Whenever you feel objective data is missing in a sales negotiation, it can be wise to consult with an unbiased expert for his opinion. An even better move can be to engage your negotiating partner in a joint fact-finding process, as MIT professor Lawrence Susskind recommends in his book Good for You, Great for Me: Finding the Trading Zone and Winning at Win-Win Negotiation (PublicAffairs, 2014). In joint fact finding, negotiators decide together what data they need, which expert (or experts) to hire, how to pay them, and so on. The negotiators then assess the expert’s findings together and jointly decide how to apply them. Parties will still have incentives to interpret the results to their advantage or reject them entirely. But if they agree up front to abide by the expert’s conclusions, they will be less likely to walk away from a mutually beneficial deal.

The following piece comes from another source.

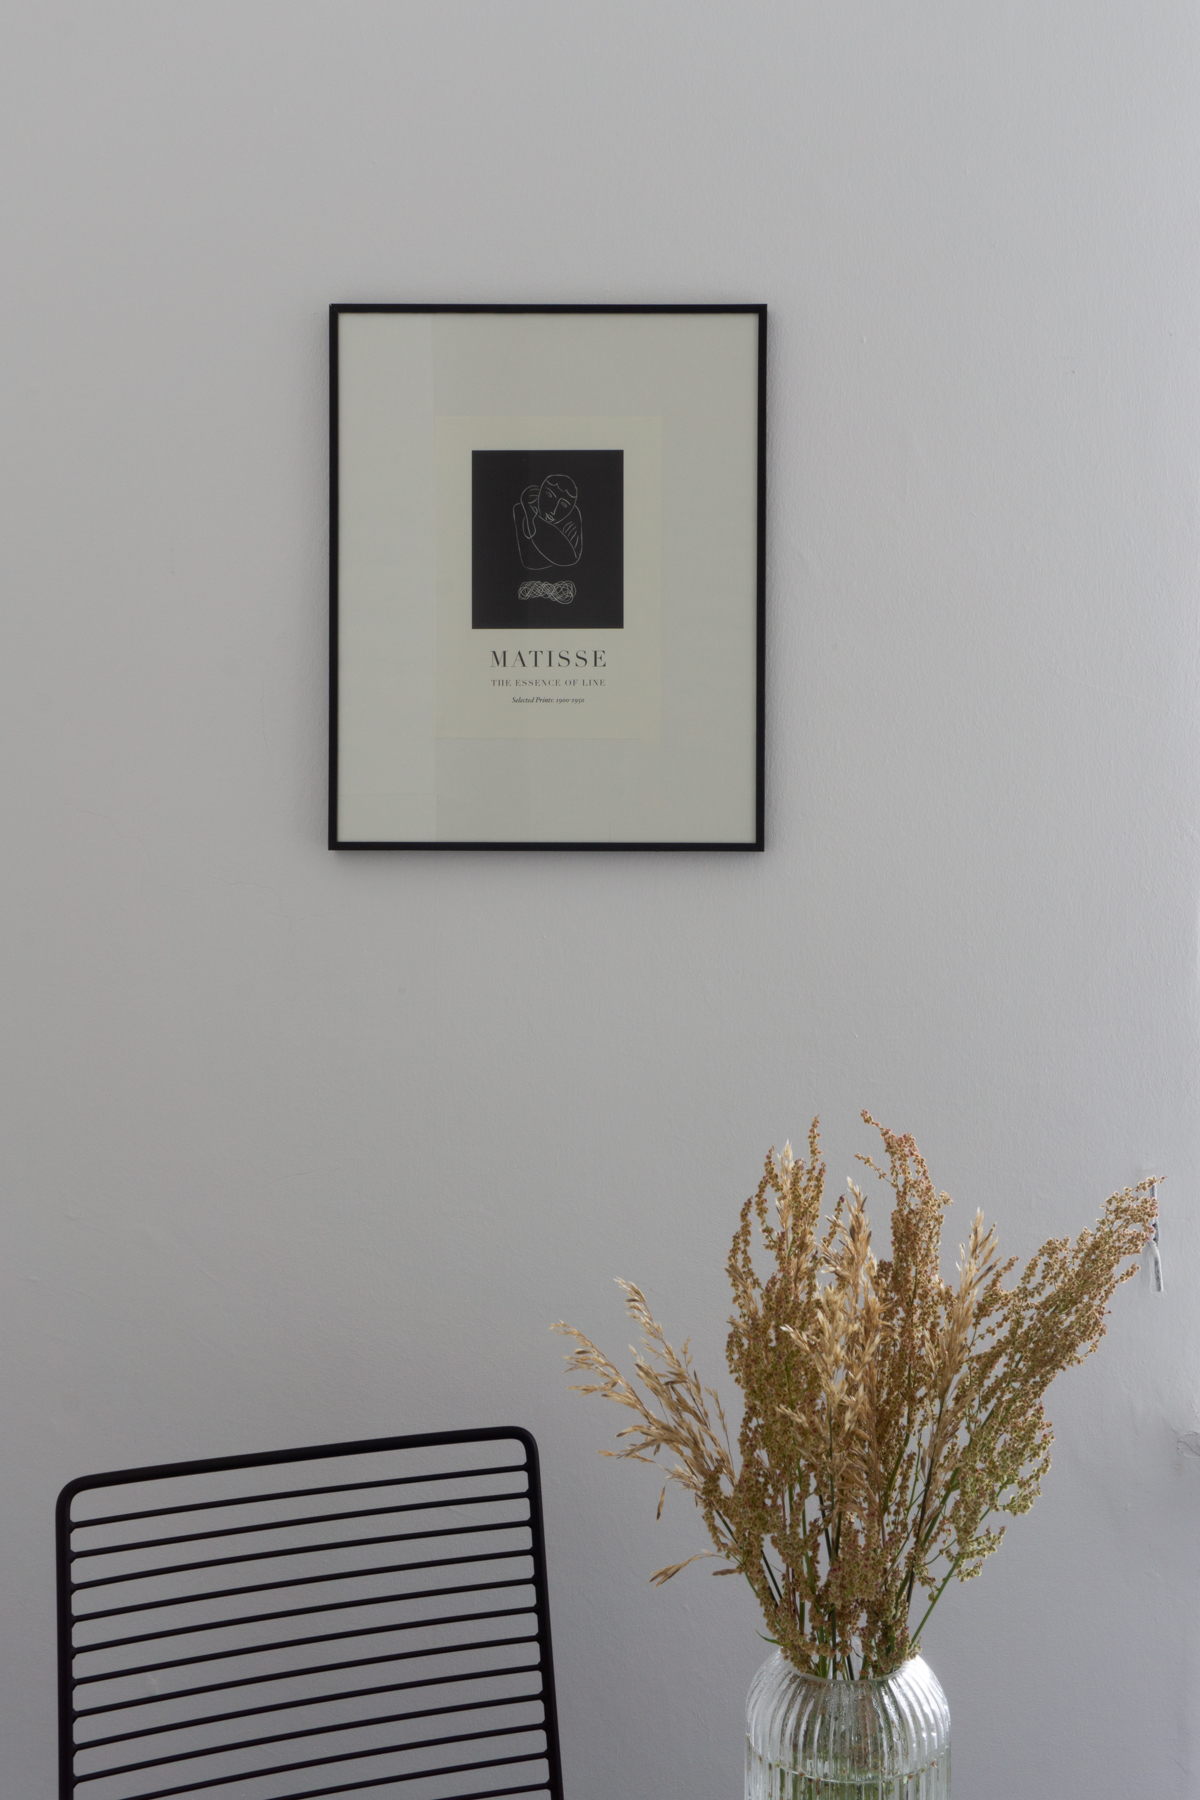 White and Beige Danish Inspired Kitchen | Matisse Artwork, Hay Hee Chair, Wheat Arrangement - RG Daily Blog, Interior Design

When you and your counterpart jointly solicit objective data, you will foster a more collaborative and trusting relationship. That, in turn, is likely to turn your negotiation from a single-minded focus on price to an exploration of whether a deal would be right for each of you in the long run.
In baseball, sabermetrics create a more level playing field
When negotiators replace intuitive decision making with rational analysis, it can be a whole new ball game. That’s what Major League Baseball (MLB) teams—inspired by Billy Beane’s turnaround of the Oakland A’s, as recounted in Michael Lewis’ book Moneyball: The Art of Winning an Unfair Game—found when they began using advanced computer models to analyze players’ ability and value in the early 2000s. The widespread use of so- called sabermetrics in baseball has led to seismic changes in the sport, from how it’s played to how player contracts are negotiated.
The power wielded by sports agents has shifted as well. Scott Boras, a baseball agent who is as famous as many of the star players he represents, used to be able to “enter negotiations with reams of statistics and information that at times outclassed what was available to the teams,” writes Jared Diamond in the Wall Street Journal. That’s no longer the case. Armed with their own painstakingly gathered data, baseball executives are in a much better position to refute agents’ outsized claims and hold the line on costs. As a result, negotiations for top free agents have slowed to a crawl this winter, with agents and teams playing a slow-motion game of chicken to see who caves in first on salary and other issues.
The seismic changes in baseball show what a dramatic effect objective data can bring to negotiations and industry practices more generally. These changes can’t always be anticipated, but they do make the game more exciting.